Длительные отлучки священников с приходов также приводили к тому, что погребение не совершались должным образом. Если свадьбу можно отложить, то с похоронами медлить нельзя. Крестьянин Селецкого погоста Василий Артемьев на допросе в канцелярии Паданска в 1775 г. утверждал, что «за отлучкою священника <…> неведомо куда, коего хотя для отпевания и погребения по церковному чиноположению умершего в минувшем месяце отца своево Артемия Исакова ждал две недели, но не мог дождаться, для чего уже от того тела стал произходить смрад, то я ево без оного священника и погреб в земле» [17, л. 6]. Практика требоисполнения, сложившаяся к концу XVIII в., сама по себе способствовала тому, что крестьяне рассматривали погребение не как неизменный, устоявшийся, а напротив – как зависимый от ситуации обряд. Церковно- и священнослужители постоянно нарушали «благолепие». Судя по рапорту Олонецкой духовной консистории, в 1795 г. бытовал следующий порядок исполнения «мирских треб»: «тела погребают при каждом селении в полях без исповеди и священнического отпевания». Когда священники «ездят по уезду, тогда и делают над погребенными в могилах отпевание по церковному положению» [23, л. 41]. Аналогичную картину наблюдал французский ученый (а в то время воспитатель юного графа Павла Строганова) Жильбер Ромм в 1784 г. Он писал: «Когда среди года появляется священник для сбора небольшой дани (руги – М.П.), которую ему обязан уплачивать каждый крестьянин, он заодно посещает могилу и совершает молитву над теми, которые ее не получили. От погребения до молитвы проходит иногда полгода, а иногда и год» [26, с. 183].

В XIX – начале ХХ вв. законодательство по вопросам о погребении стало более детальным, но его сущность по сравнению с предшествующим столетием изменилась незначительно. Согласно закону, священник не имел права «уклониться от погребения умершего» [33, с. 276]. По Уложению о наказаниях уголовных и исправительных (1886 г.), любой иерей, который «будет уклоняться от погребения умершего, не имея к тому причин законных, подвергается за сие исправительному наказанию по распоряжению своего духовного начальства» [31, с. 349]. Новый порядок погребения предусматривал, наряду со священниками, участие медиков, в обязанности которых входила констатация смерти и установление ее причин [31, с. 276]. В начале XIX в. в делопроизводстве появляются описания случаев, когда порядок погребения ставится в зависимость от решения судебных инстанций и итогов расследования преступления.

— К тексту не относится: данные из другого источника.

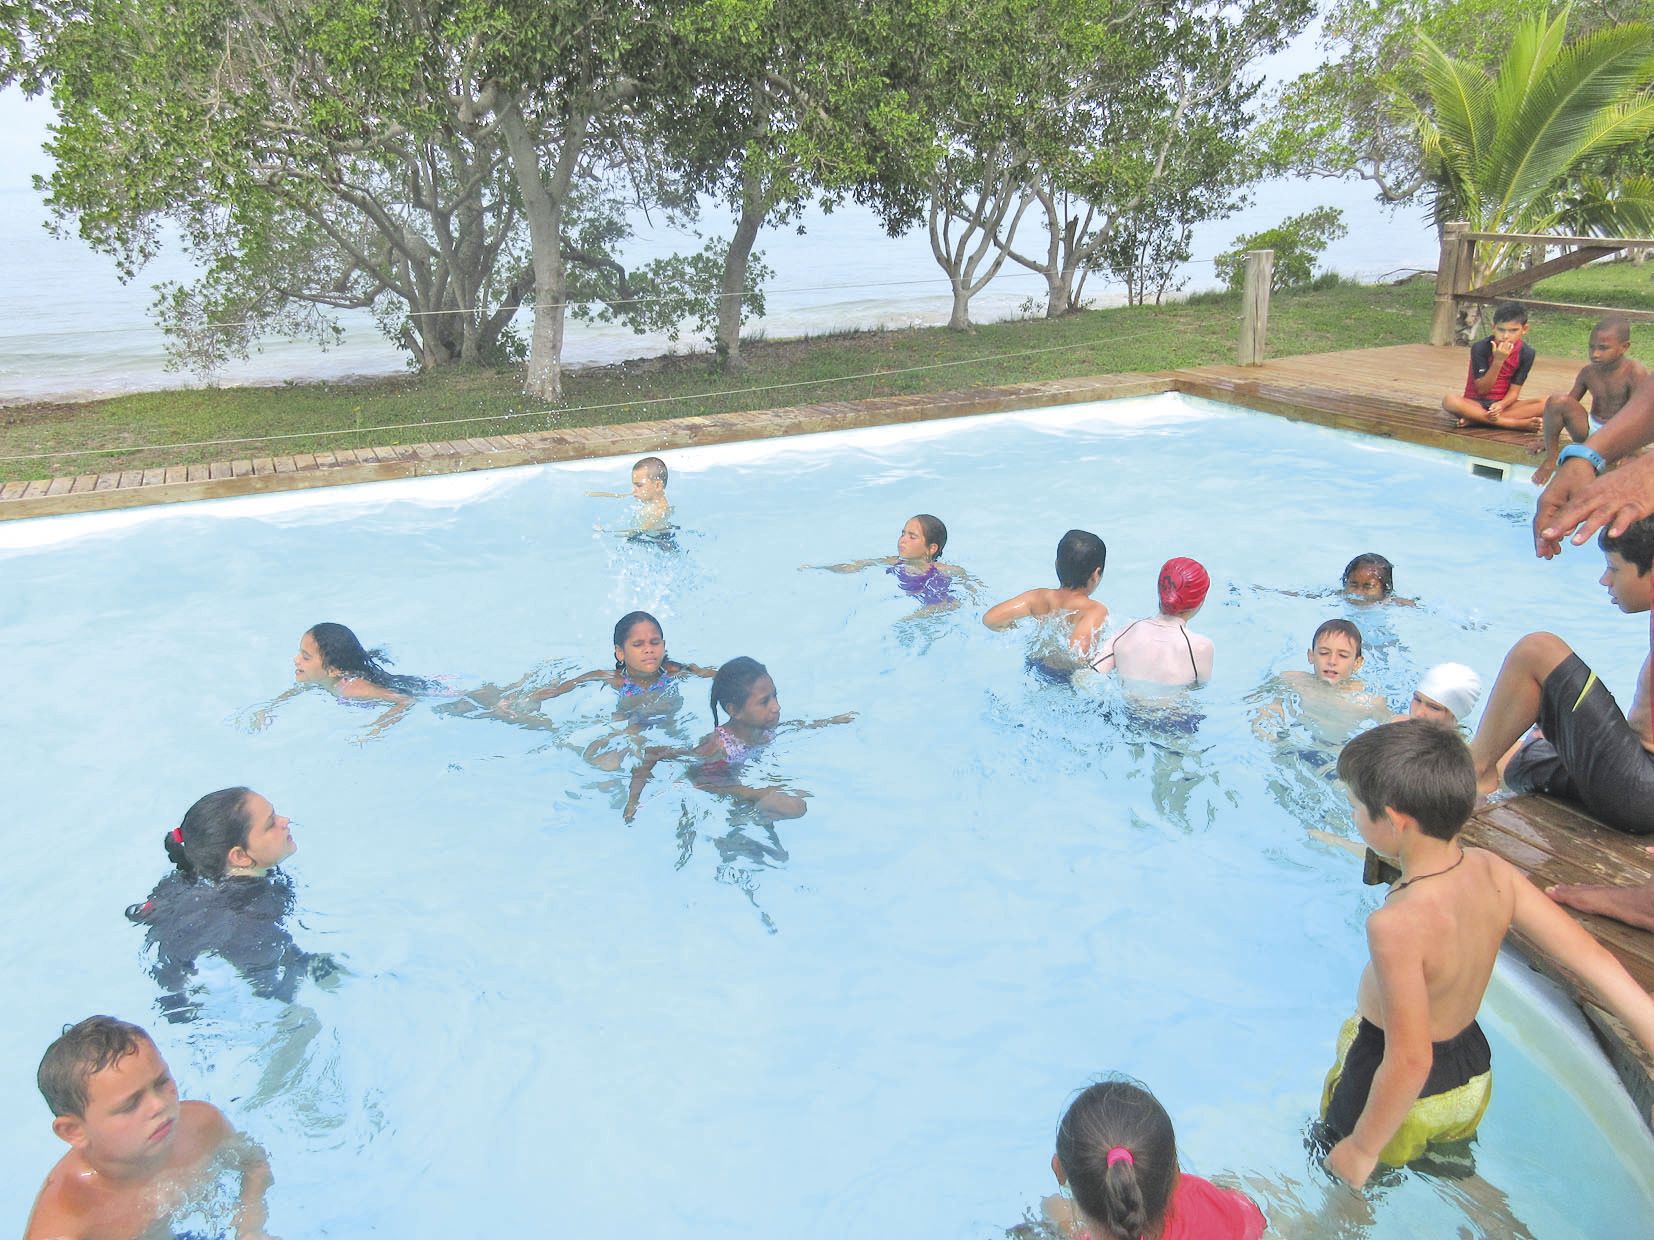 Les jeunes vacanciers ont pu profiter des installations de la piscine du Caledonian Wake Park de Ouano.

В 1800 г. в ответ на просьбы крестьян Шеменского прихода «о зарытии убитого тела Исаака Васильева в земле по причине нынешнего вешнего времени, приказом предписано оное тело допустить к церкви с зарытием в землю без надгробного отпевания, покуда из земского суда не представят сообщения об отпевании» [28, л. 3].

Существенное значение для исследования обстоятельств погребения имеет та часть дел из архива духовной консистории и Синода, в которых речь идет о вымогательствах. Источники не позволяют прийти к однозначному выводу. С одной стороны, как видно из сообщения Сенату, Синод поручил епископу Олонецкому и Каргопольскому Антонию расследовать дело о вымогательстве денег у прихожан священником Архангельской волости Каргопольского уезда Василием Ивановым, который обвинялся в «непогребении долговременно мертвых тел, желая себе получить взятки». Страшная картина множества гробов с мертвецами, напрасно ожидающими погребения, потрясла Синод. Случай стал прецедентом, на основании которого по всем епархиям разослали «наикрепчайшее подтверждение» о «неделании подобных худых поступков» [30, с. 636]. Есть другие примеры. Как видно из промемории Паданского комиссарского правления, крестьянин Олонецкого погоста в 1775 г. явился к священнику с просьбой об «отпетии и погребении утонувшей в озере жены» и вручил священнику плату – 50 копеек (как и во всех подобных случаях, в несколько раз больше установленных в законе размеров). «Но оной священник реченного мертвого тела не погреб», требуя «еще в прибавок два рубля». Крестьянин платить отказался и «оное мертвое тело и без церковного чиноположения погреб в земле» [15, л. 43]. В 1815 г. один из местных старообрядцев обратился к священнику с просьбой о погребении его матери, не принадлежавшей к старообрядческому движению. Священник потребовал за совершение обрядов огромную плату в пятьдесят рублей, «но он, Петров, на сие не согласился», что привело к длительному разбирательству [16, л. 39]. В 1825 г. крестьянин из деревни Пертнаволока Кончезерского прихода обратился к местному священнику с просьбой о погребении дочери, но договориться не удалось. В результате крестьянин отвез труп назад «для погребения в своей деревне при часовне, где с исстари имеется кладбище» [18, л. 1].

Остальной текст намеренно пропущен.